At a called meeting, Richmond Hill City Council approved a resolution to carry out its loan agreement with the Georgia Environmental Finance Authority for the state-mandated treatment plant.


The city received a $10.5 million loan from GEFA last month, on top of two prior loans totaling $13 million. The $23.5 million was split into three separate loans because $10.5 million is the maximum GEFA can give a city in one year, City Manager Chris Lovell explained.


Richmond Hill will pay 1.03 percent interest on the 20-year loan. GEFA provides communities throughout Georgia with low-interest loans to fund wastewater infrastructure and water pollution-reduction projects.


“It’s not a bad deal,” Lovell said. “There’s also a million-dollar debt forgiveness on it. So once we get it fully funded, a million dollars will go away.”


The wastewater treatment plant is on target to be completed in October, according to Lovell.


The membrane bioreactor wastewater treatment plant is the largest single expenditure in Richmond Hill’s history, according to city officials. It will double the city’s capacity to treat wastewater from 1.5 million gallons per day to 3 million and can be expanded to 4 million gallons per day.


“It’s pretty impressive,” Lovell said.


The new plant is being paid for by hikes in water and sewer rates approved by council members in November. Those added $8 a month to the base rate while also billing heavy water users more and increasing connection fees. The first increase took effect in January, and the city will add another increase in 2016.

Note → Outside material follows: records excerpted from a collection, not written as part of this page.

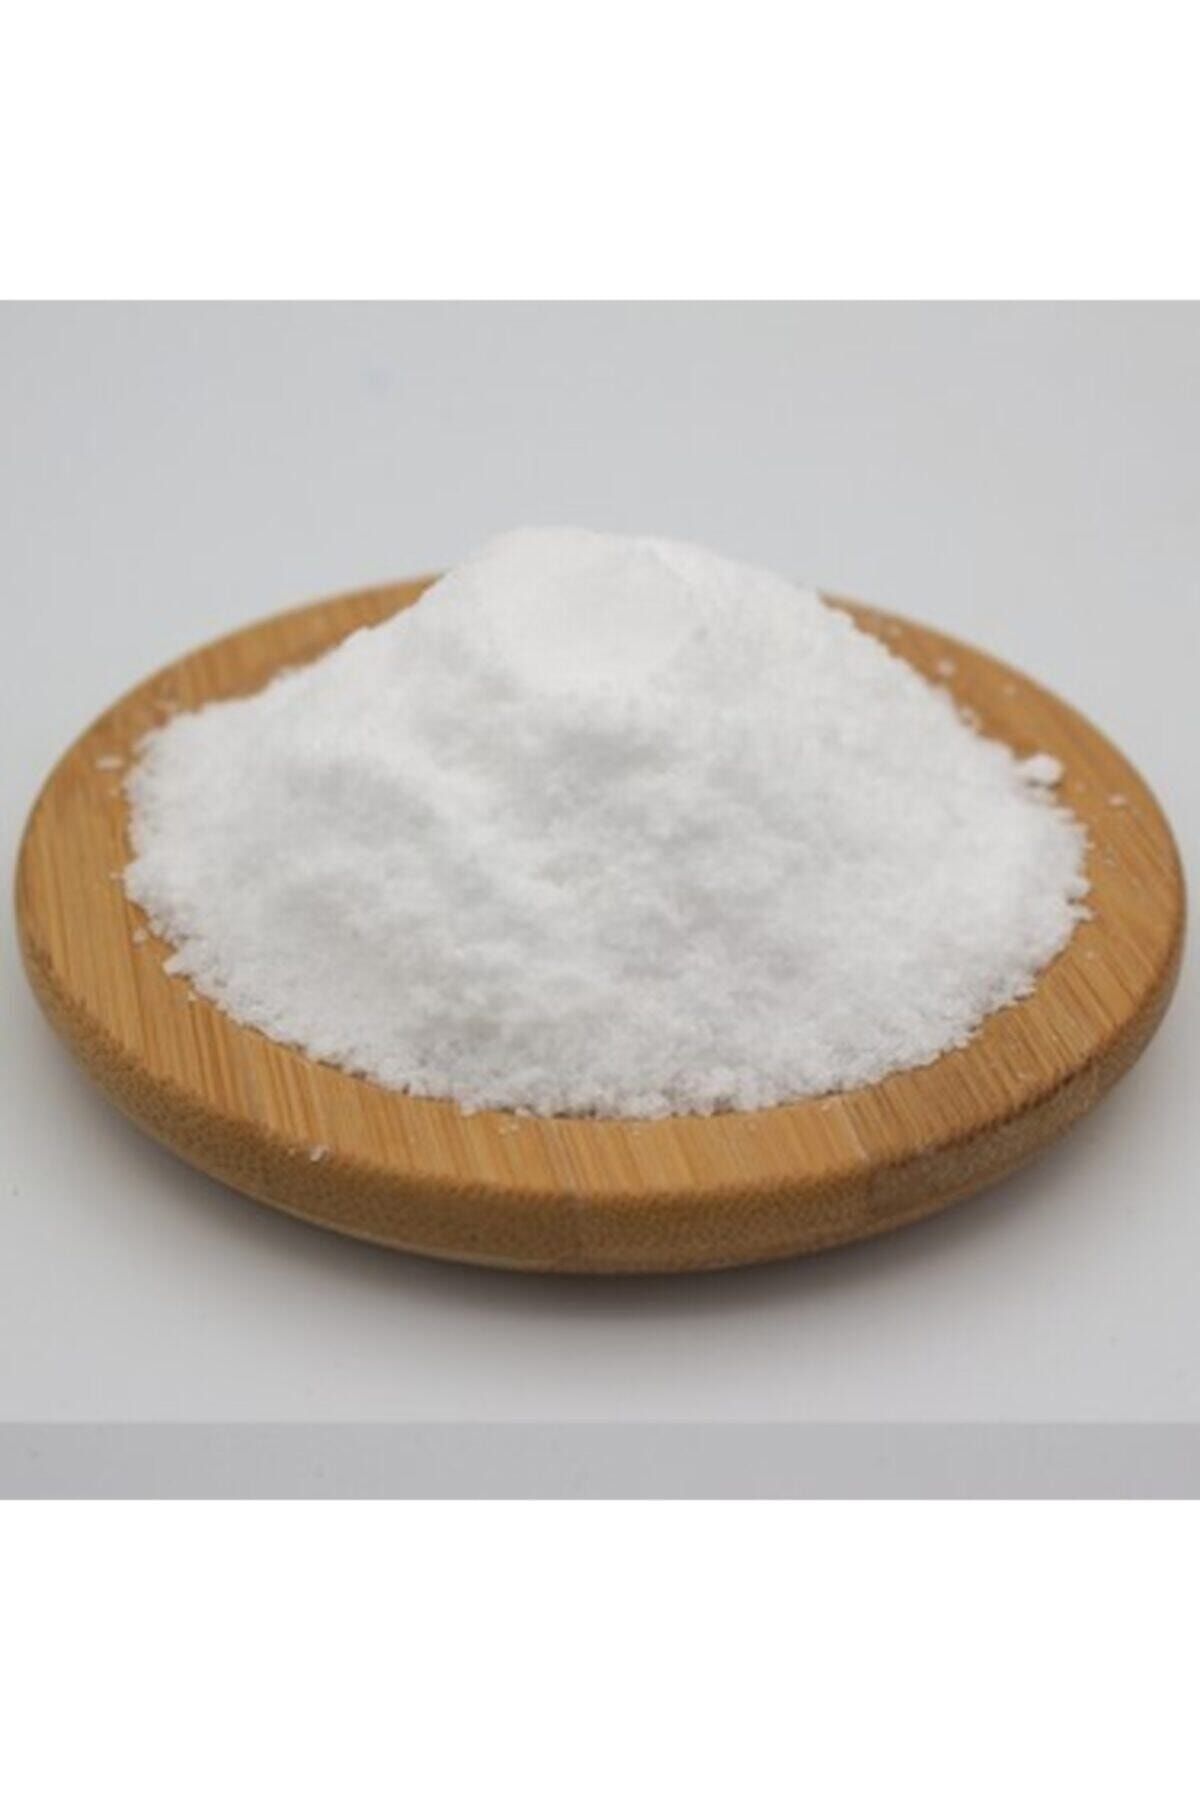 Kimyacınız Sodyum Bikarbonat - Yemek Sodası - Karbonat 1 Kg, Gıda Karbonatı, Besin Karbonatı, Kabartma Tozu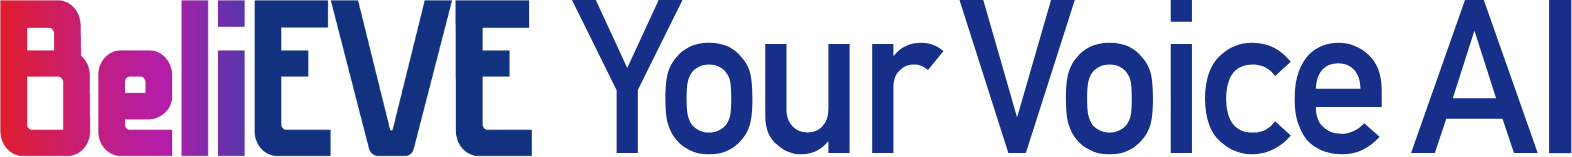 ビリーブユアボイスAIのロゴ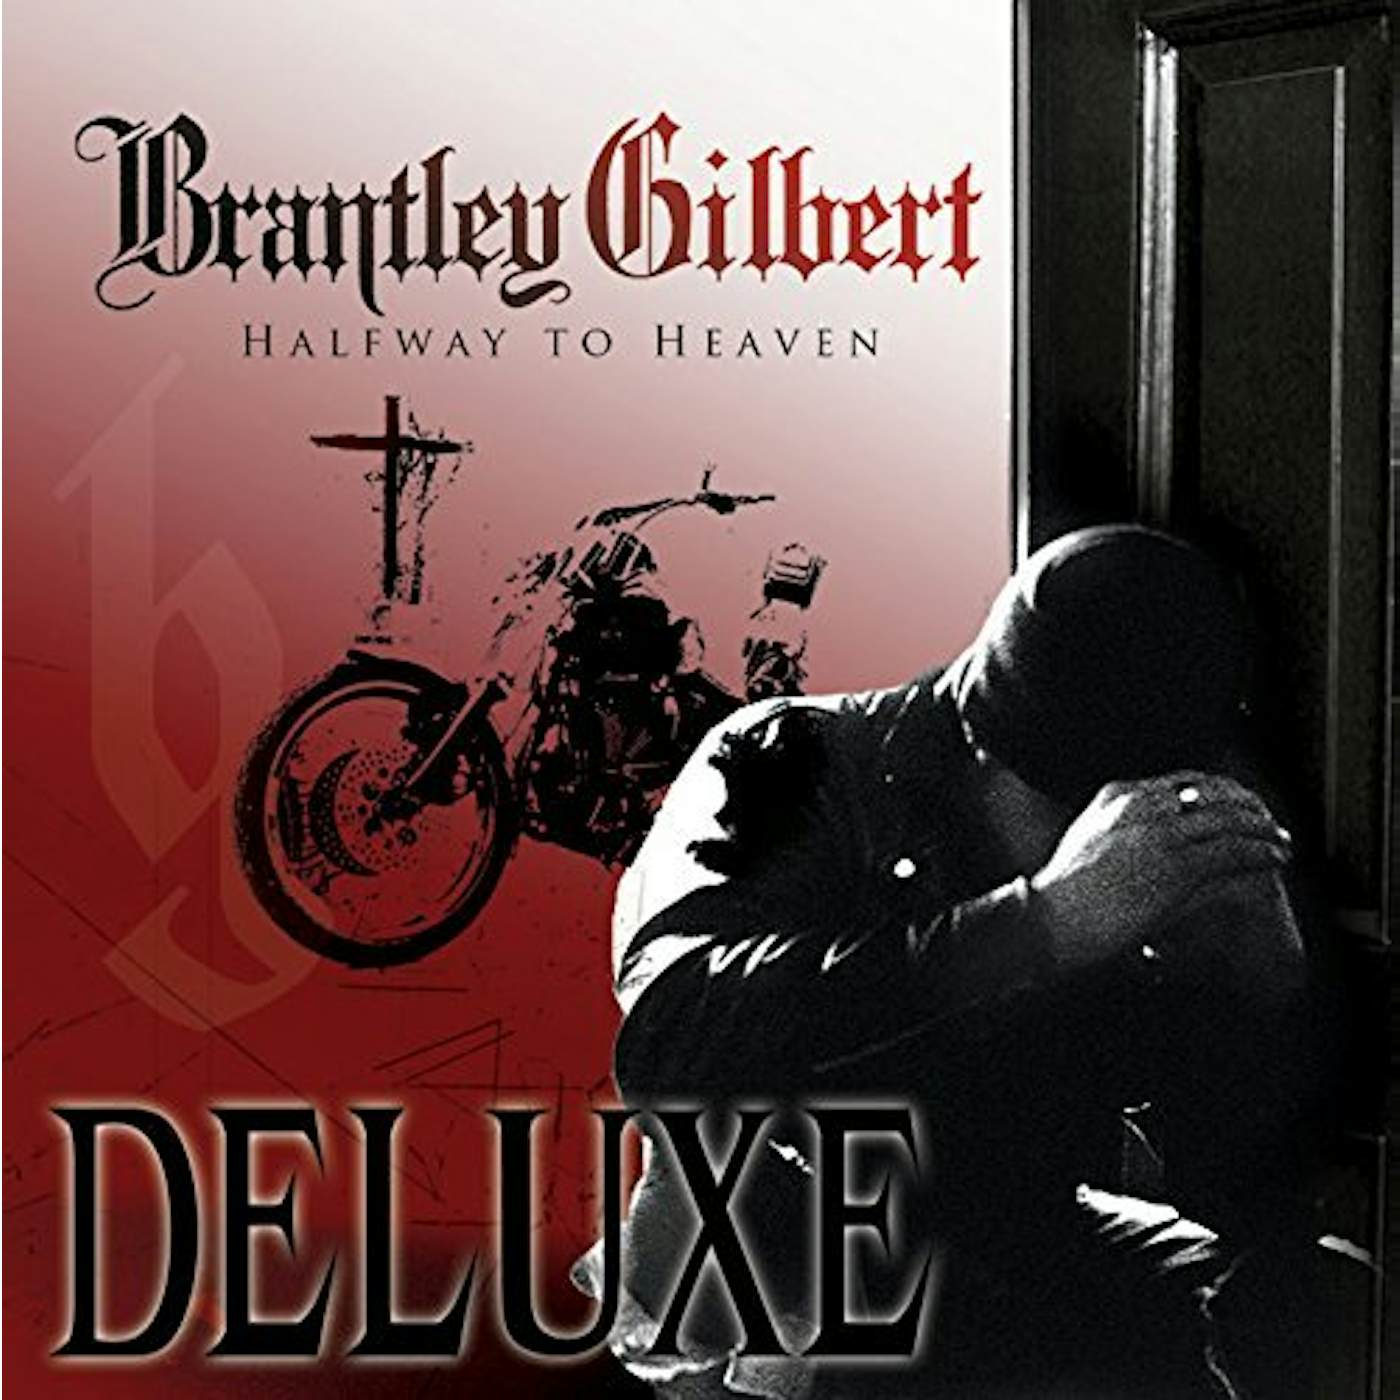 Brantley Gilbert Halfway To Heaven Vinyl Record

Without the increases, the city would face a $25 million shortfall in its budget by 2025, officials have said.


The city’s current wastewater treatment plant was honored by the Georgia Municipal Association in 2007, but by 2008 the city had to settle with the state Environmental Protection Division and sign a consent order to keep it operating because of repeated violations.


“The plant had to be built. EPD made us build it,” Lovell said. “Ideally, we wouldn’t have done it, but in order to keep our water permit, we had to.”